MM-Snowball: Evaluating and Mitigating Hallucination Snowballing in Multimodal Multi-turn Dialogue
Abstract
Multimodal Large Language Models (MLLMs) demonstrate remarkable visual understanding, yet their reliability in interactive settings is severely undermined by {hallucination snowballing}: a phenomenon where initial errors amplify across conversational turns, leading to a collapse in coherence. This failure reveals a fundamental vulnerability where models progressively neglect visual grounding in favor of over-relying on polluted textual history. Existing benchmarks are predominantly confined to single-turn VQA or simplistic dialogues, which fail to capture the complex dynamics of error propagation in realistic, long-horizon interactions. To address this, we introduce MM-Snowball, the first benchmark for fine-grained diagnosis of hallucination snowballing within 6-turn dialogues. Extensive evaluation shows that our benchmark poses a significant challenge even to advanced MLLMs and reveals the inefficacy of existing mitigation methods designed for single-turn tasks. To counteract this degradation, we propose Conflict-Aware Visual Rectification (CAVR).
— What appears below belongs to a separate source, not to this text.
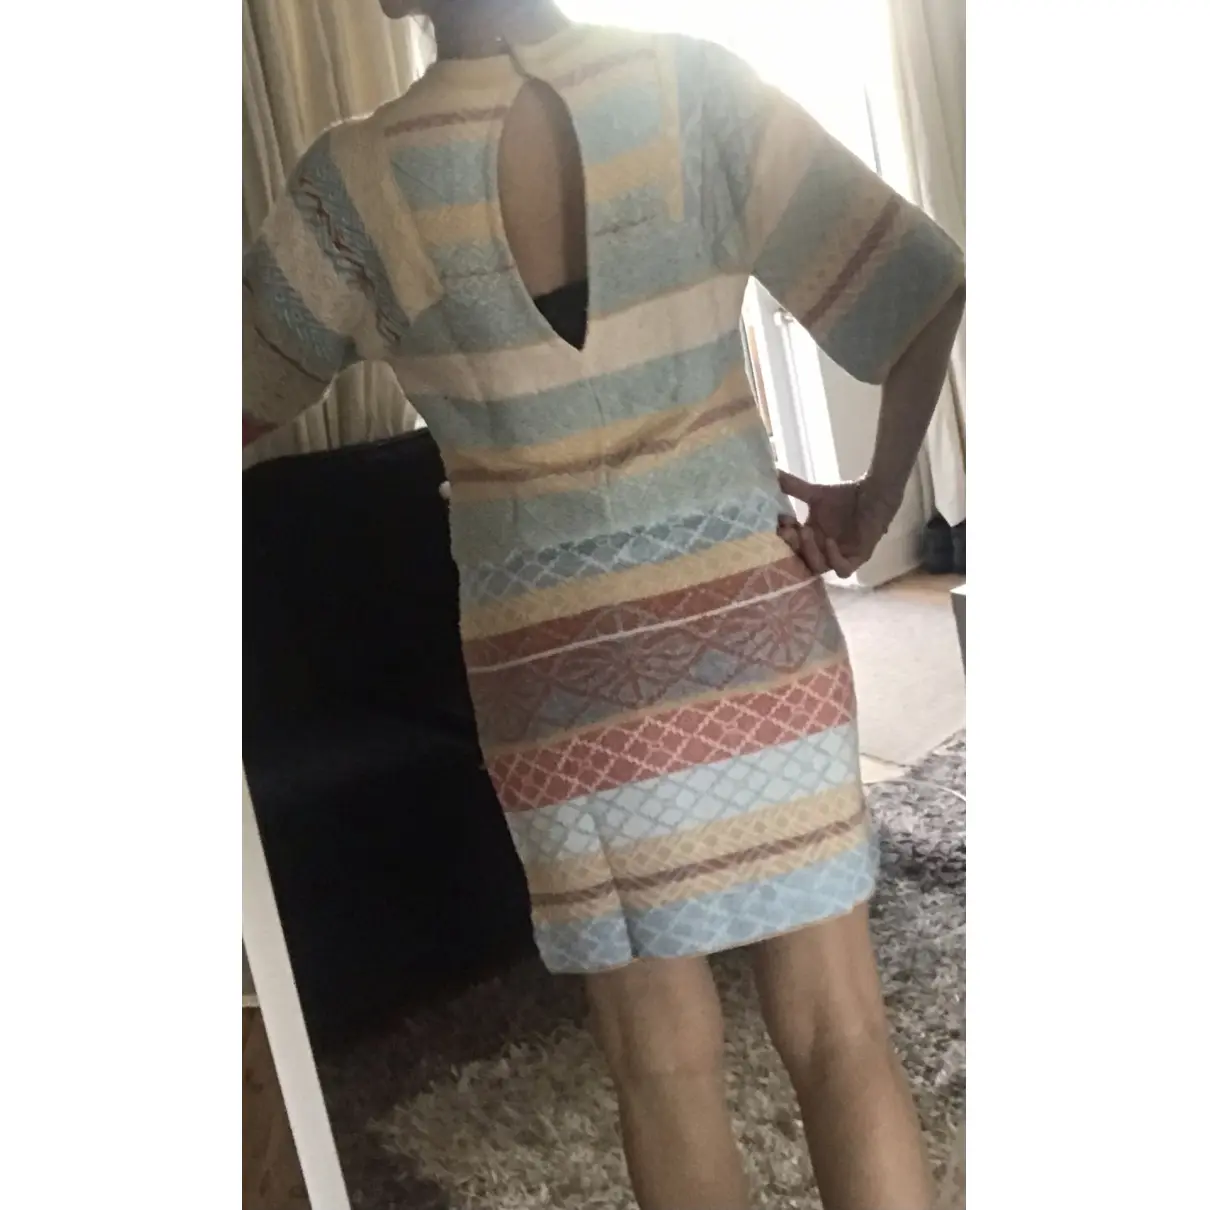 Buy Sonia Rykiel Mid-length dress online - Vintage
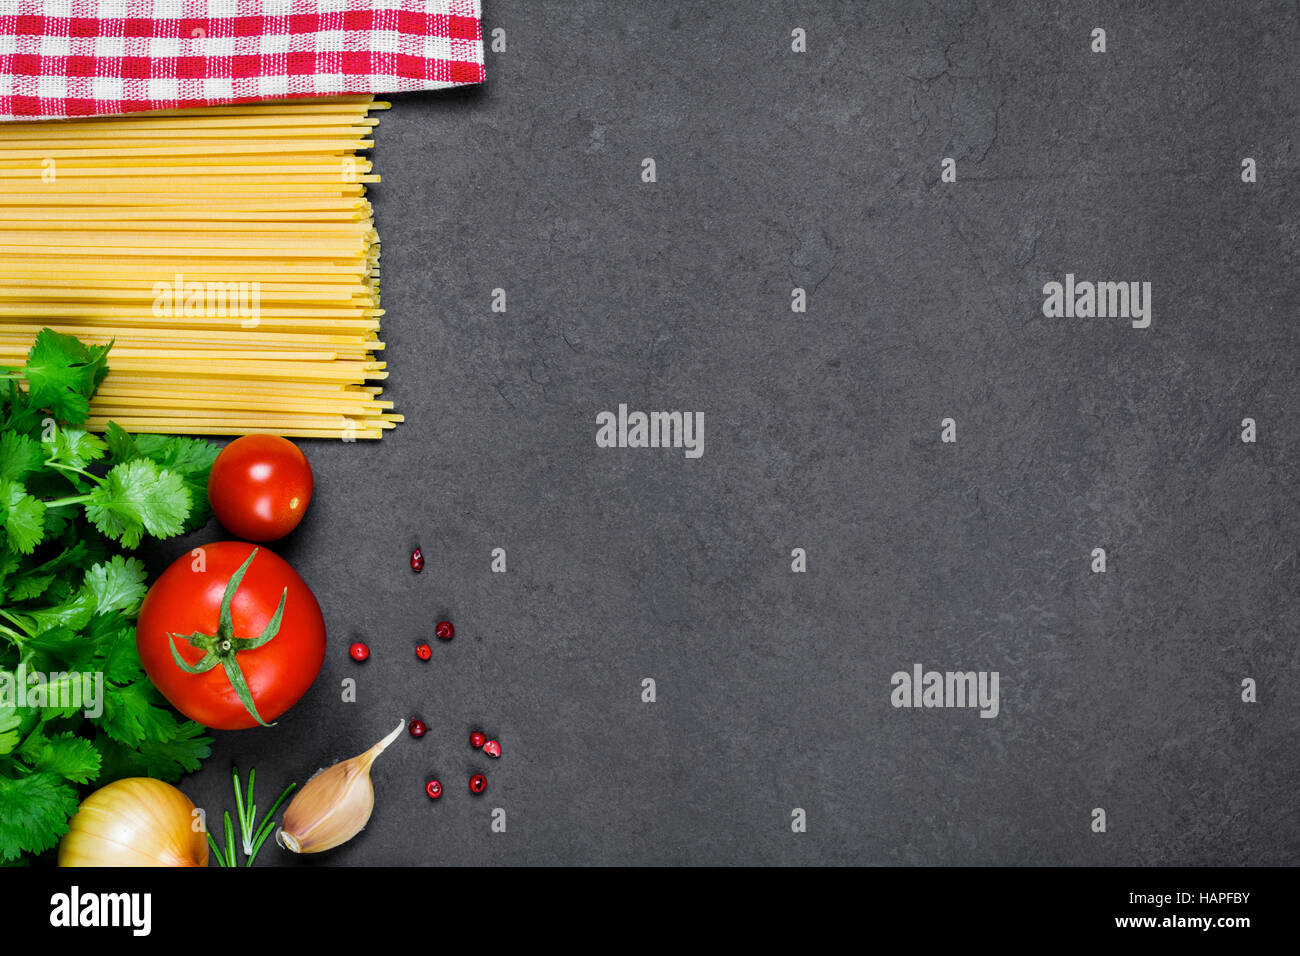 Cottura ingredienti per la cucina italiana: pasta spaghetti, i pomodori, il prezzemolo, la cipolla, l'aglio, pepe rosso e plaid igienico Foto Stock

This training-free framework mitigates snowballing through a synergistic dual-mechanism that refreshes visual grounding at the representation level and rectifies output distributions at the logit level, effectively re-anchoring the model to visual facts. Experiments demonstrate that our proposed CAVR achieves state-of-the-art performance, offering a promising path toward more reliable interactive AI.